:: WHAT THE TASK ASKS ::
From the entries below, write out exactly the lines between the line holding "Topshop Petite plain" and the line holding "CLARKE 609 FLOOR MACHINE - Image 2 of 2", inclusive, excluding any pictures.

:: TASK INPUTS ::
——

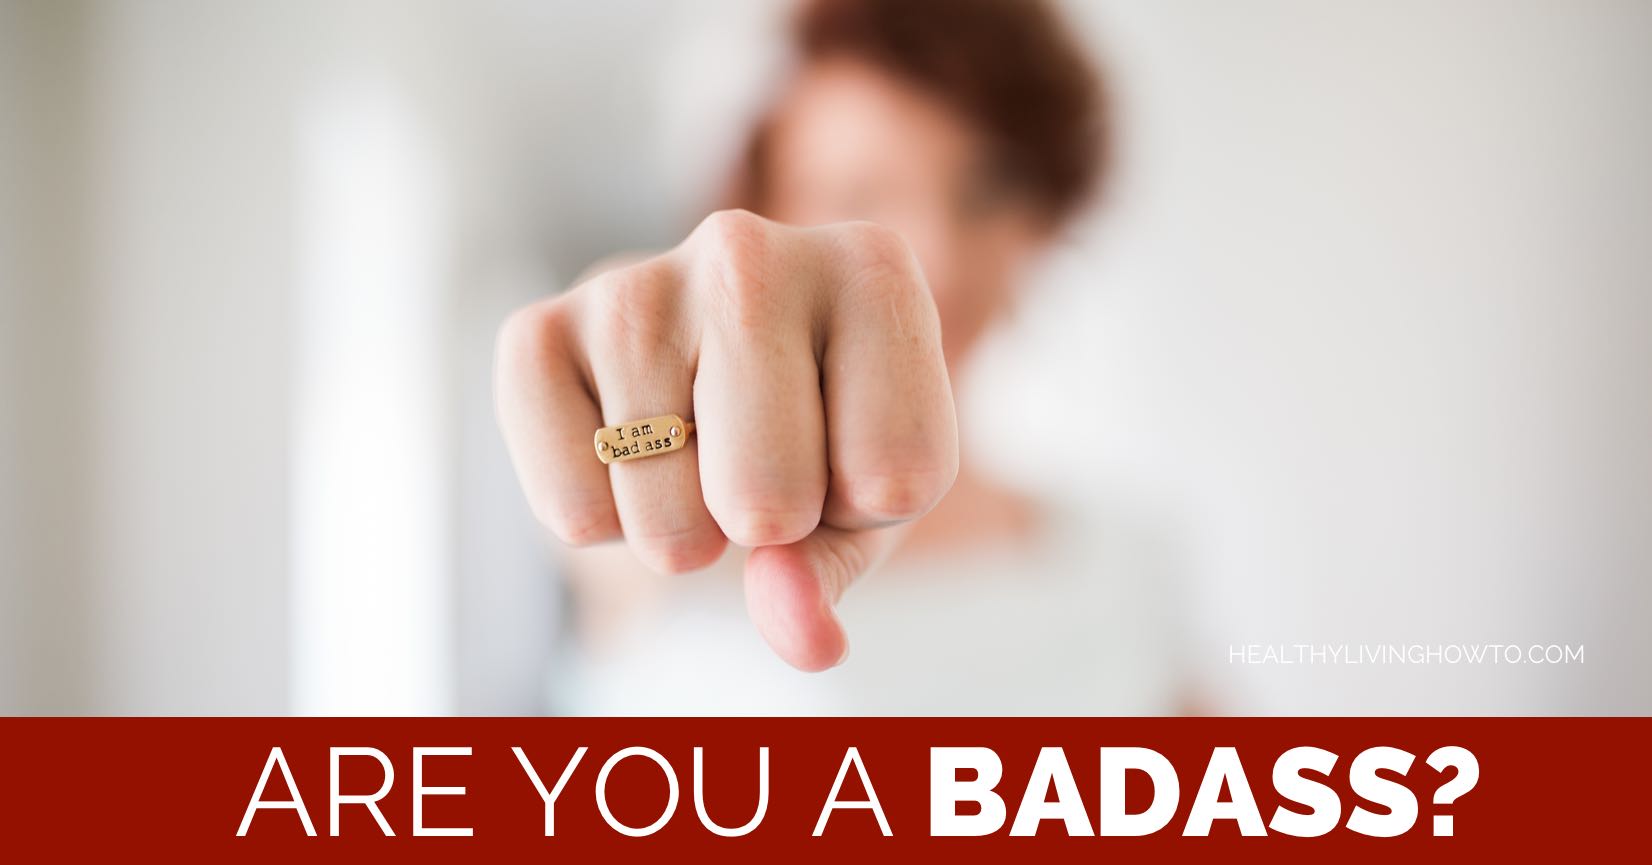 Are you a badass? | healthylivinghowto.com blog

——

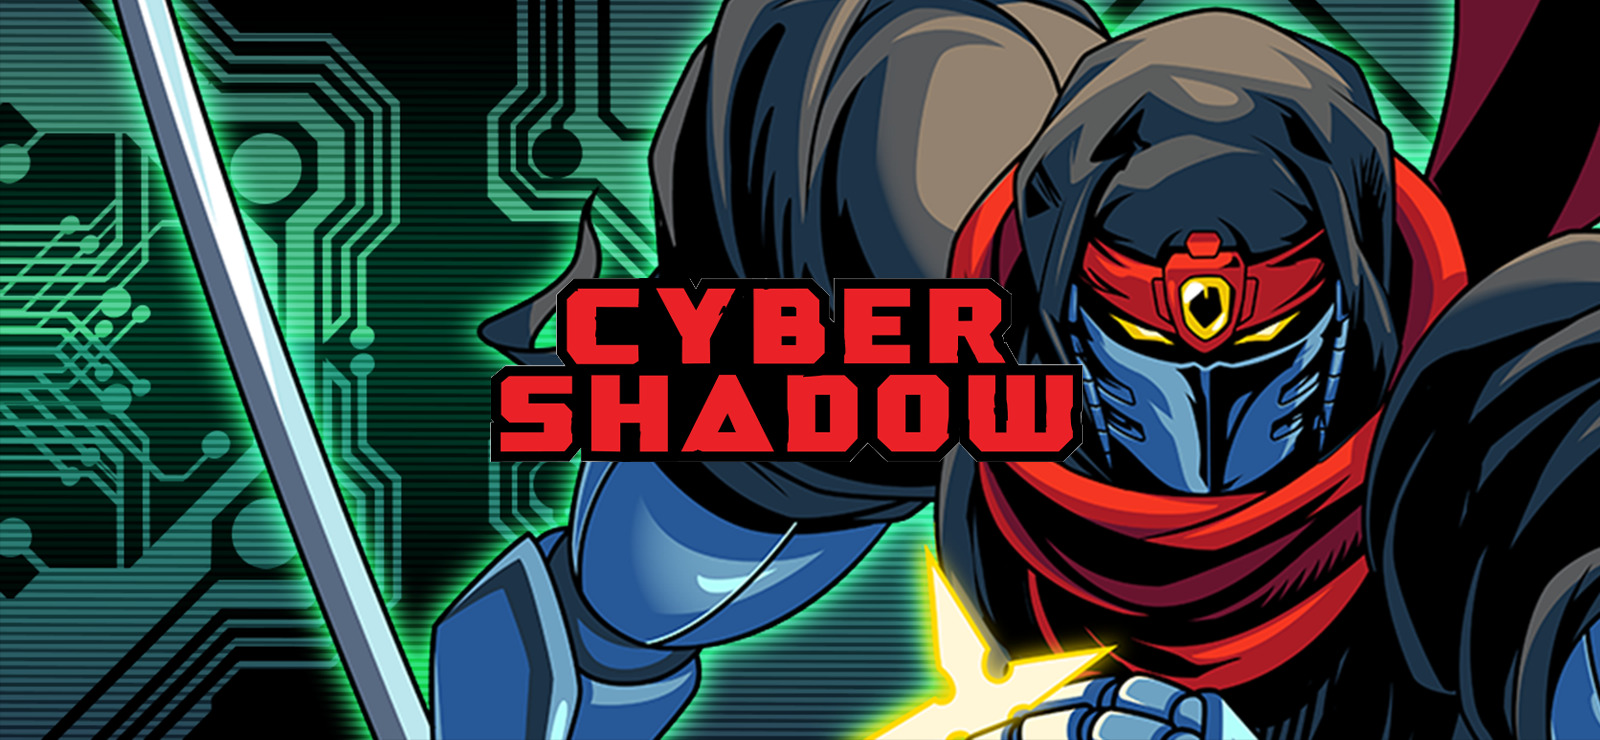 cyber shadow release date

——

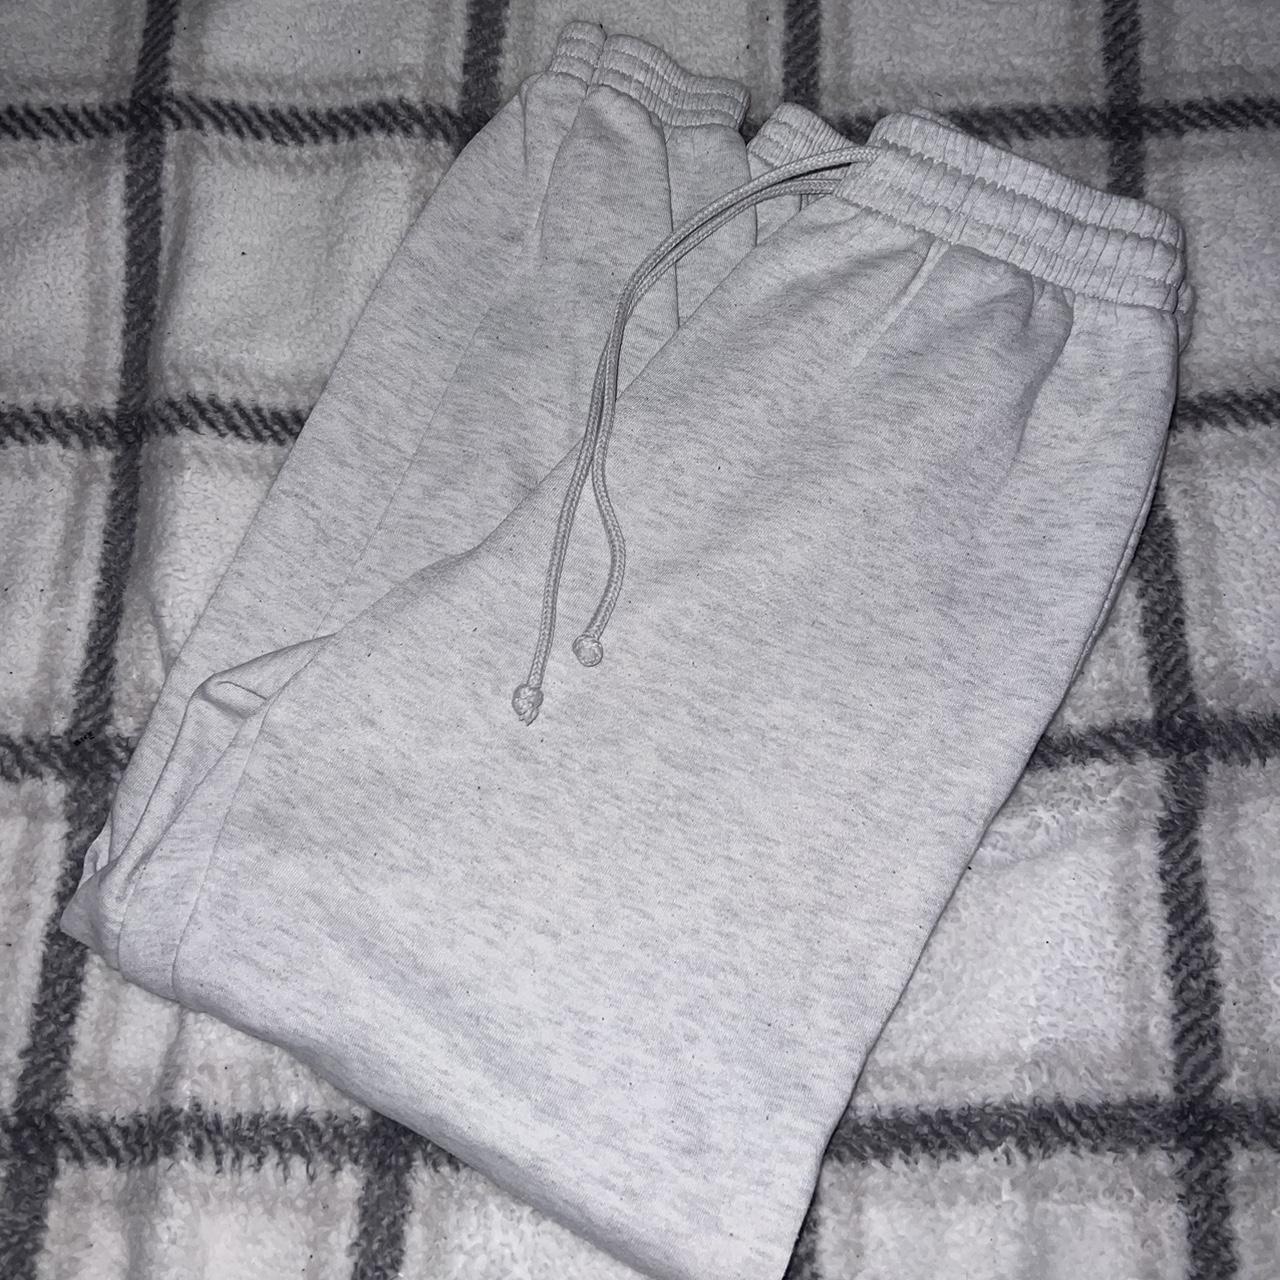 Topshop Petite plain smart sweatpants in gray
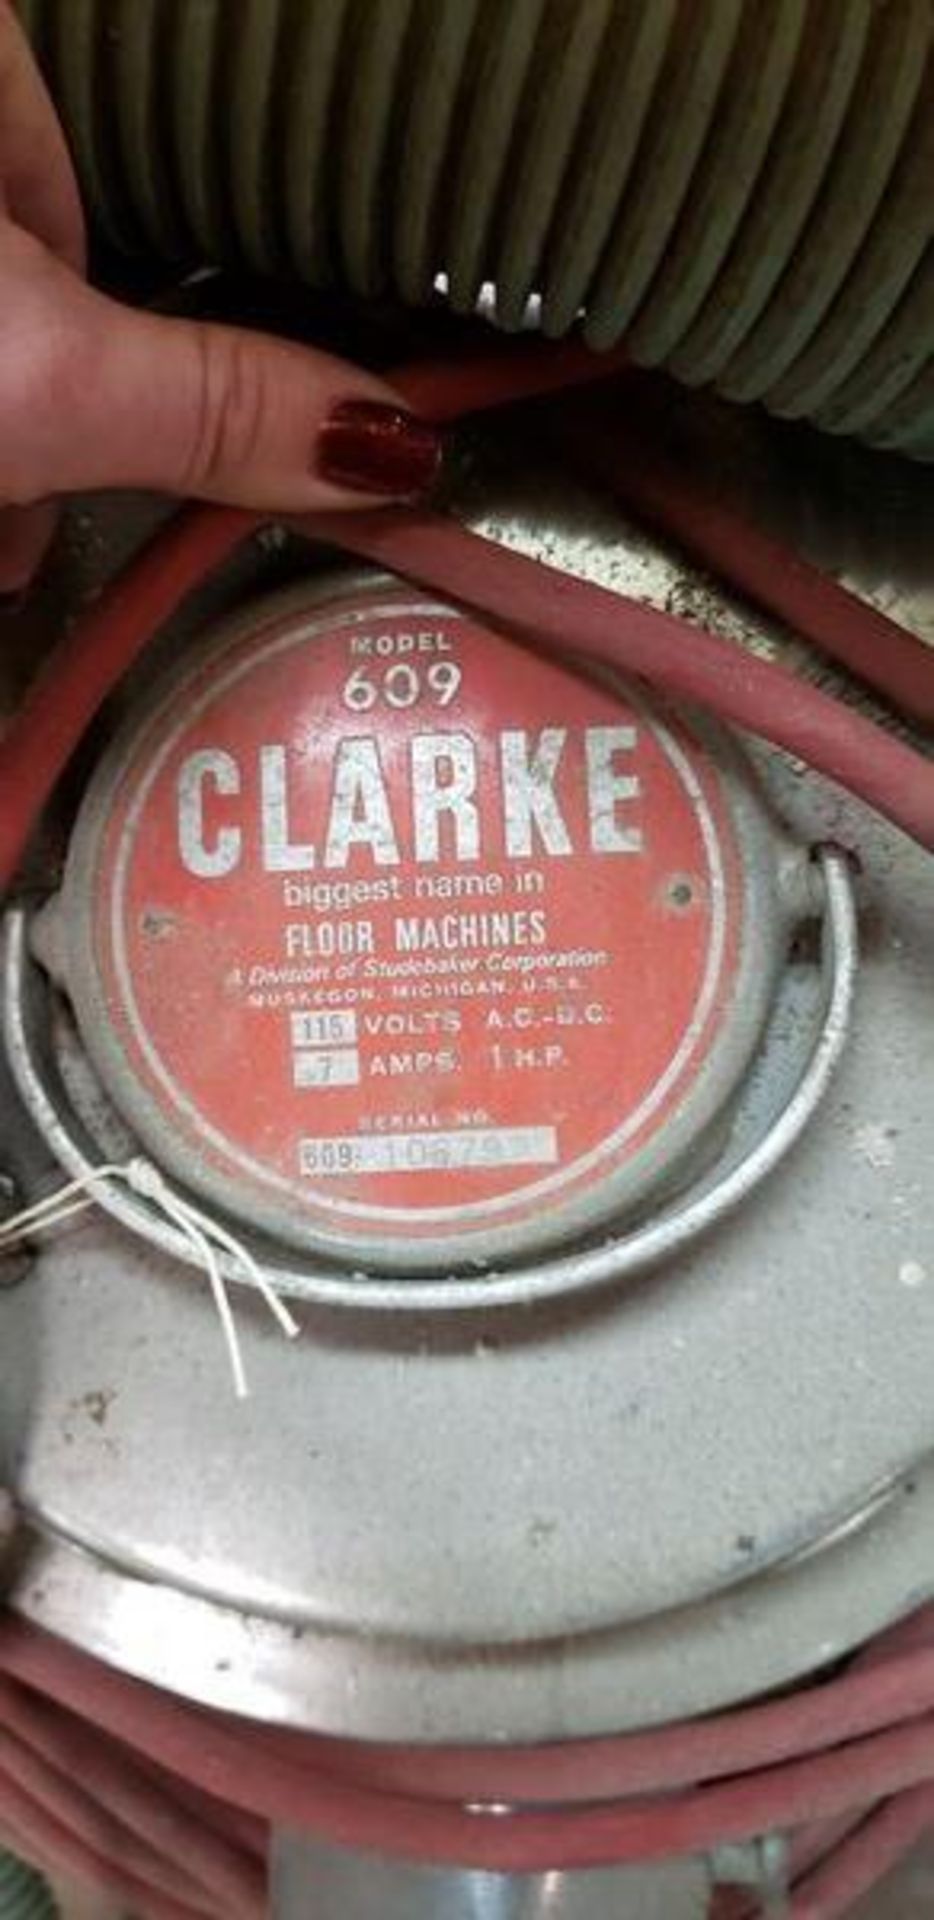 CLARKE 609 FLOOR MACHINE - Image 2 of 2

——

:: PROBLEM SOLUTION ::
 Topshop Petite plain smart sweatpants in gray
 CLARKE 609 FLOOR MACHINE - Image 2 of 2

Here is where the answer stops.